Already carving out a name for himself as a DJ, it took seeing fellow Geordie - “someone really prevalent in the story” - Patrick Topping, still flying makina’s flag on stages as big as Glastonbury, to pull him back towards it.

A professional old lady mask from a special effects company (due to being 5 ft 3, he didn't fit into the male costumes), a floral gown, and a rediscovery of the genre later, his alter ego of Nanna Makina was born, and what started as a Halloween costume turned into a movement.

“Not many people were playing the older stuff at the time, and that was my whole thing with Nanna Makina. My title was ‘The Resurrection’ - resurrecting old makina.”

It forced him down a rabbit hole, rediscovering tracks he’d not heard in over a decade. “I found it hard to listen to at first because it brought up a load of emotions from my youth,” he said. “But I fell in love with it again.”

 

 

“I found it hard to listen to at first because it brought up a load of emotions from my youth. But I fell in love with it again.”

Schak

 

 

“Everybody thought Nanna Makina was a joke, a gimmick. But at my first event, we did nearly 1,000 tickets. Makina is a small genre; 1,000 tickets is a lot. It’s still one of the best sets I’ve ever done. I put preparation into it, and the execution was 100%. I nailed it. I’m proud of it.

“It was totally unique. I had my own edits. People were like, ‘How have you done this? This doesn’t go like this.’ And I was like, ‘Because I’ve edited it.’”

Then COVID hit, but Schak, having found a new purpose, was anything but deterred. “Clubs closed, everyone was miserable. I thought if I livestream on a Saturday night, I’ll entertain people.”

He spent weeks delving into old makina mixes and tracks on YouTube, downloading his favourites, ready to spin on this new online space. The first set had 20 people, the second 2,000.

“I’ll never forget it. Hot Since 82 was doing a livestream in a hot air balloon for Beatport, and I had more people watching me jumping around my living room dressed as an old woman.

“I’d get messages, hundreds, if not thousands of people saying, ‘You stopped me killing myself,’ ‘You saved me,’ ‘Thank you for what you do.’ It was why I got up every day.”

 

 

It’s clear, then, that makina never calcified into folklore. It didn’t become something people only spoke about in the past tense. Today, despite its Spanish origins, the genre arguably has more devotees in the North East than in the country that birthed it.

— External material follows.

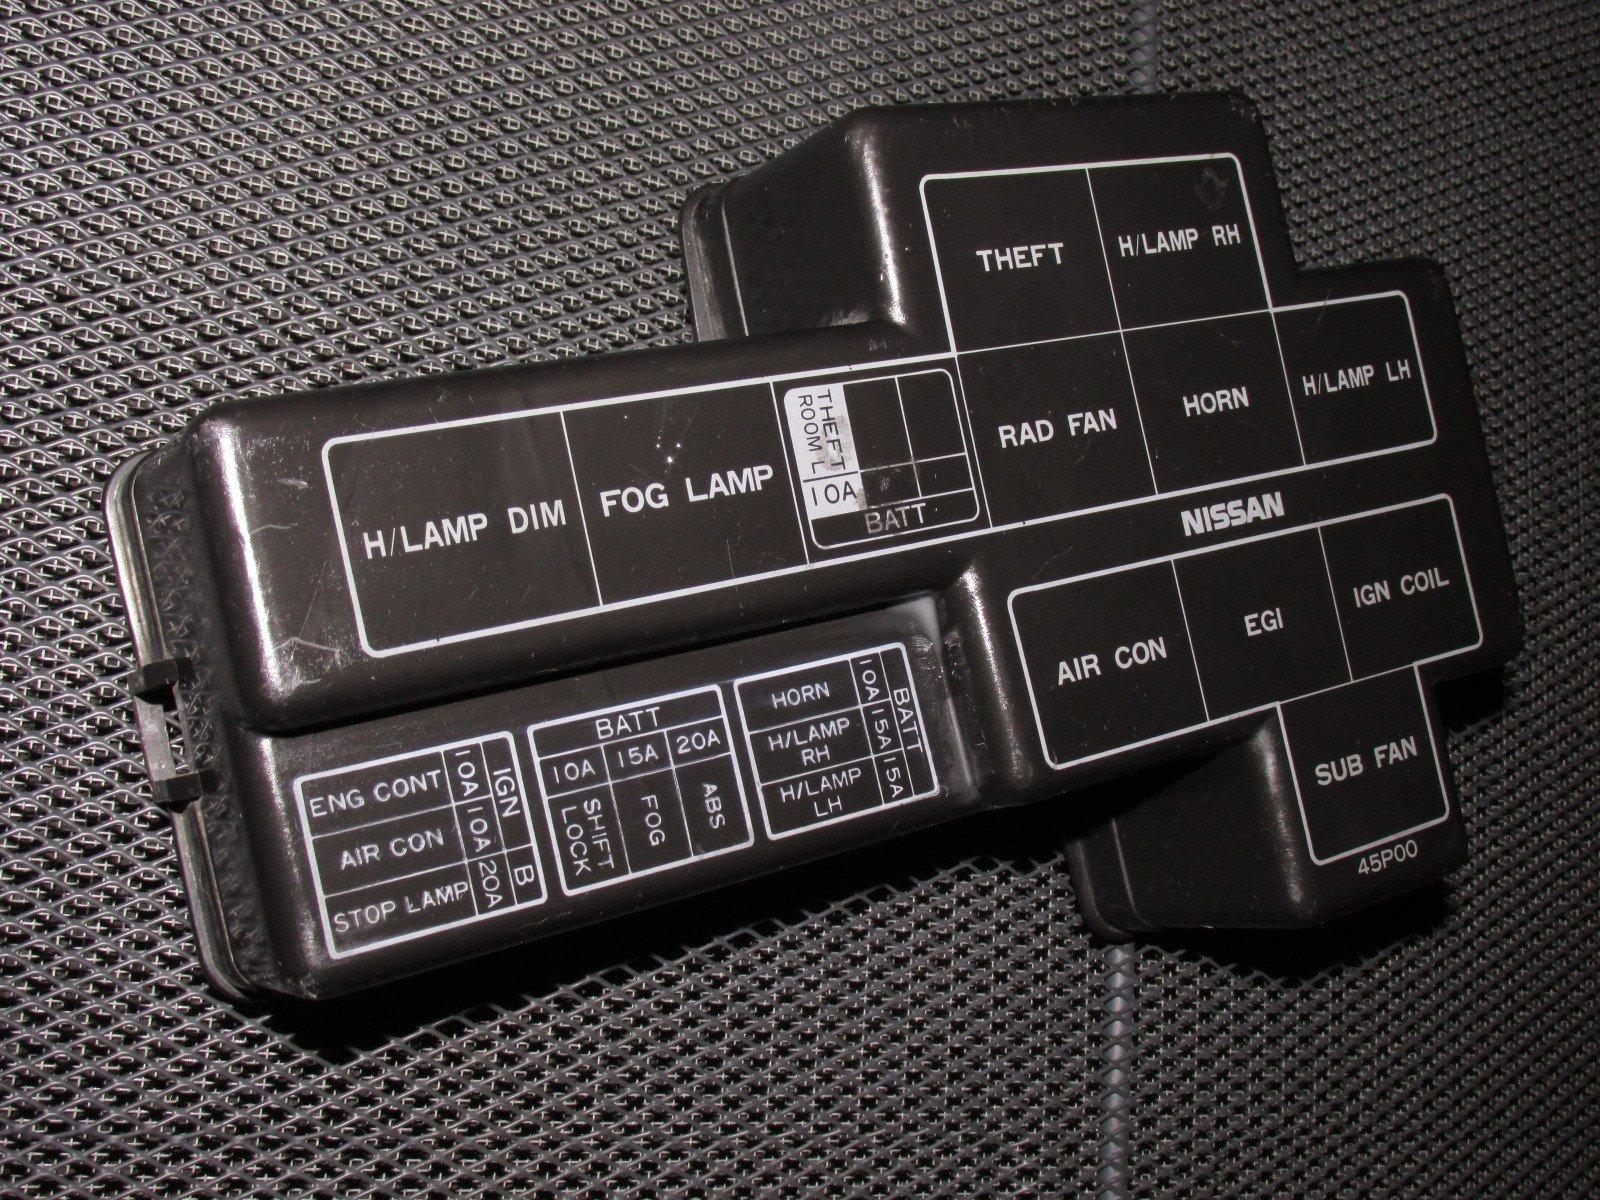 [FPER_4992]  300zx Fuse Box Location - Fuse Box 97 Audi A4 for Wiring Diagram Schematics | 1993 300zx Fuse Box Location |  | Wiring Diagram Schematics

That longevity still surprises the man who helped bring it there in the first place. What began as a handful of records, a daft flight to Barcelona, and a club in need of something new has outlived venues, formats, and entire scenes around it.

“I’ve been playing this since 1997, that’s 27 years. I’m thinking, ‘F***ing hell, I brought this over 27 years ago,’ and it’s still out there doing most of the raves around here these days.

“I never thought it would last this long.”

In the years that followed, makina didn’t disappear; it redistributed. Through labels like Monta Musica, through nights promoted by people who’d grown up inside the sound. It found new rooms to occupy. Lee Davidson’s return from the army and the success of his early events weren’t a revival so much as a reminder that the appetite had never left.

“It’s our identity. It lives inside all of us,” Schak says.

“Makina was made in Barcelona, but we took it to the North East, and it became part of our identity. It’s more popular here now than it is in some parts of Spain. That’s beautiful.”

“I grew up with it. It’s not just my DNA. It’s our DNA. We used to be out on the streets drinking, putting sets on, listening to it. It formed the identity of our culture, who I am as a person. And it’s had a lasting effect.”